No one came to the door—ever. And I knew from years of experience with my mother that if someone actually did come to the door, then no one answered it—ever. The thing to do is mute the television and stare intently through the peeky hole until they leave. If they leave, you turn up the volume and resume life. If they don’t leave, well, then you should seriously consider the back door. Someone would leave eventually; there would be no meeting between intruder and inhabitant.

My grandmother was different. She didn’t know how to live like we did. To her, mommies and daddies stayed together. Knocks at the door signaled unexpected opportunities to chat with a friend while exchanging a cup of sugar for a smiling promise to share the goodies. Needless to say, my grandmother didn’t hesitate to go to the door. She walked effortlessly and without concern, as though the knock—or doorbell—physically drew her trusting hand to the doorknob beyond her control. I threw the towel on the counter, watching and shaking my head in complete disbelief of her naiveté. She disappeared stupidly into the entryway, but I can’t deny that I crept around the corner to see what menace might be lurking.
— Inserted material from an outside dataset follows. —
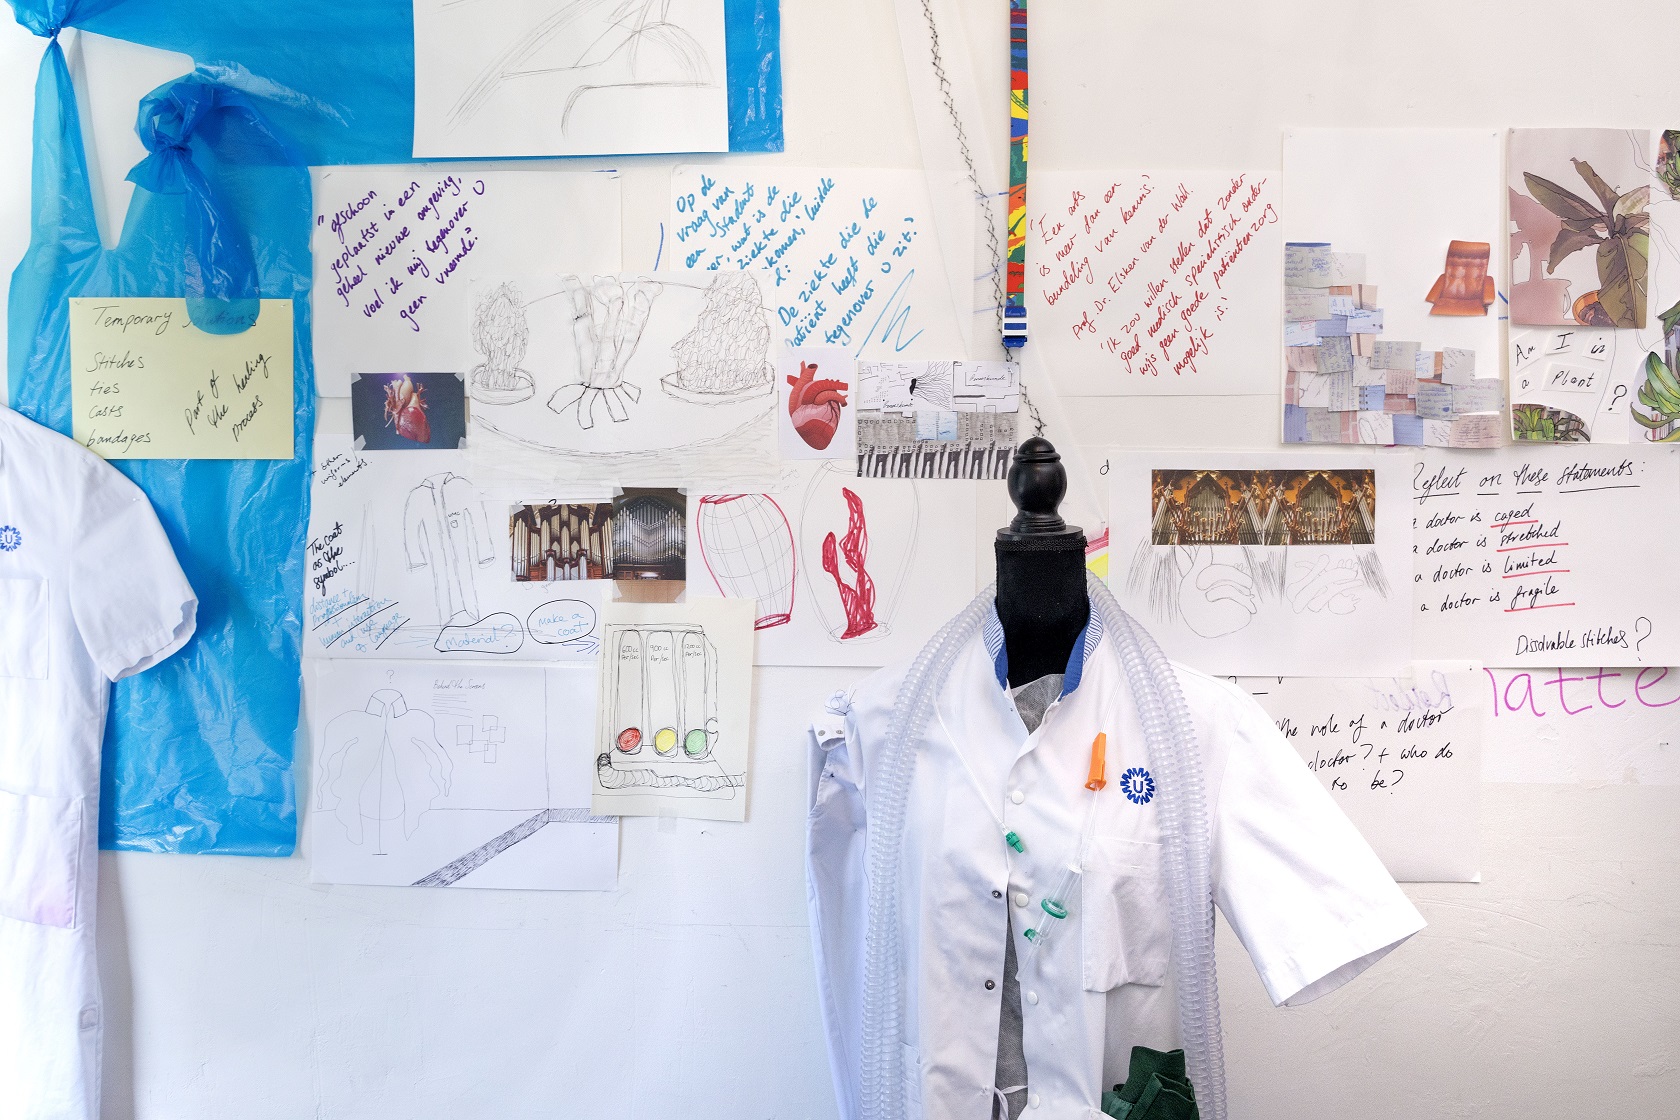 pop met doktersjas staat voor een collage met schetsen, teksten, kleuren en materialen op de wand in de studio van Sarah
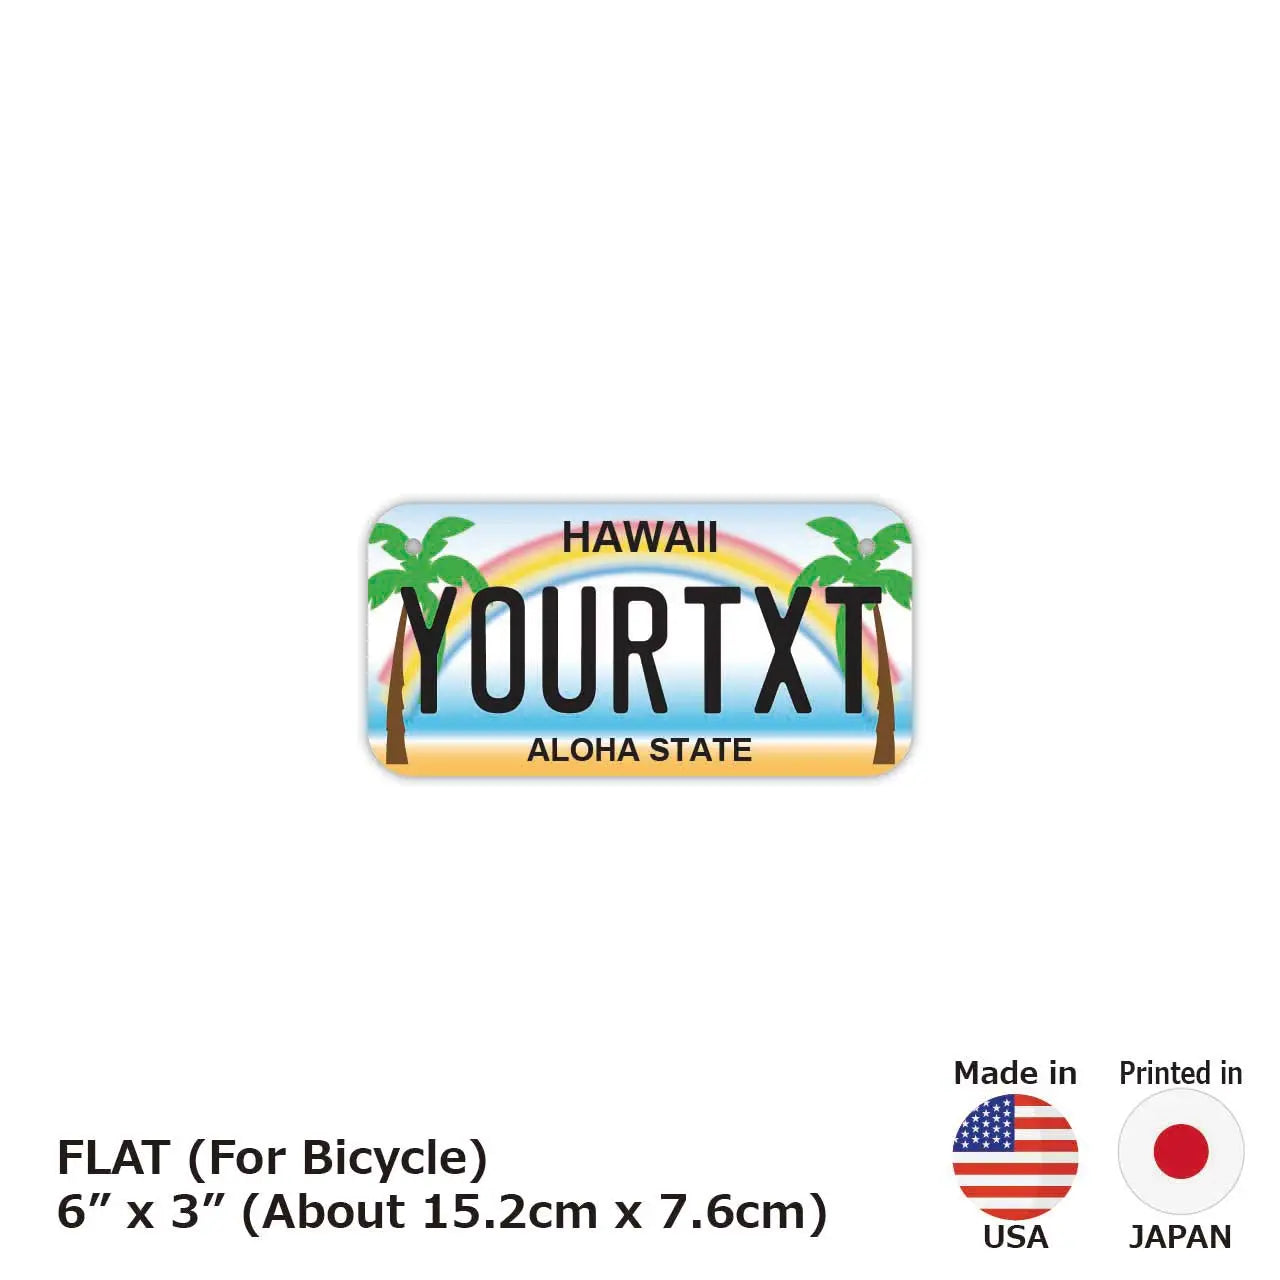 【小・自転車用】ハワイ・ヤシの木/オリジナルアメリカナンバープレート PL8HERO

I’ll never forget the first thing I saw, or, rather, I should say “things.” Even though the door instantly exposed us and them, I really didn’t notice the people right away. Instead, I noticed the things—the things that meant everything. They meant my world crashing down around me. They meant imprisonment—they meant devastation—they meant tears—they meant danger—they meant insecurity. Cold and gleaming, they meant the loss of life as we all knew it.

Handcuffs.

And my mother was standing inside them. My strong, defiant, tragic mother was inside of them and she made no attempt to get out. After all of our escapes, after all of our near-misses, she wasn’t even trying!

What do I do? How do I get out? I stepped back incredulously. We’ve never experienced a situation quite like this; the cops have never been quite this close. But, we can do this. They have guns, but we can do this. Think. Look in her eyes. Is there a plan? Is she sending me a secret message? What is she trying to say?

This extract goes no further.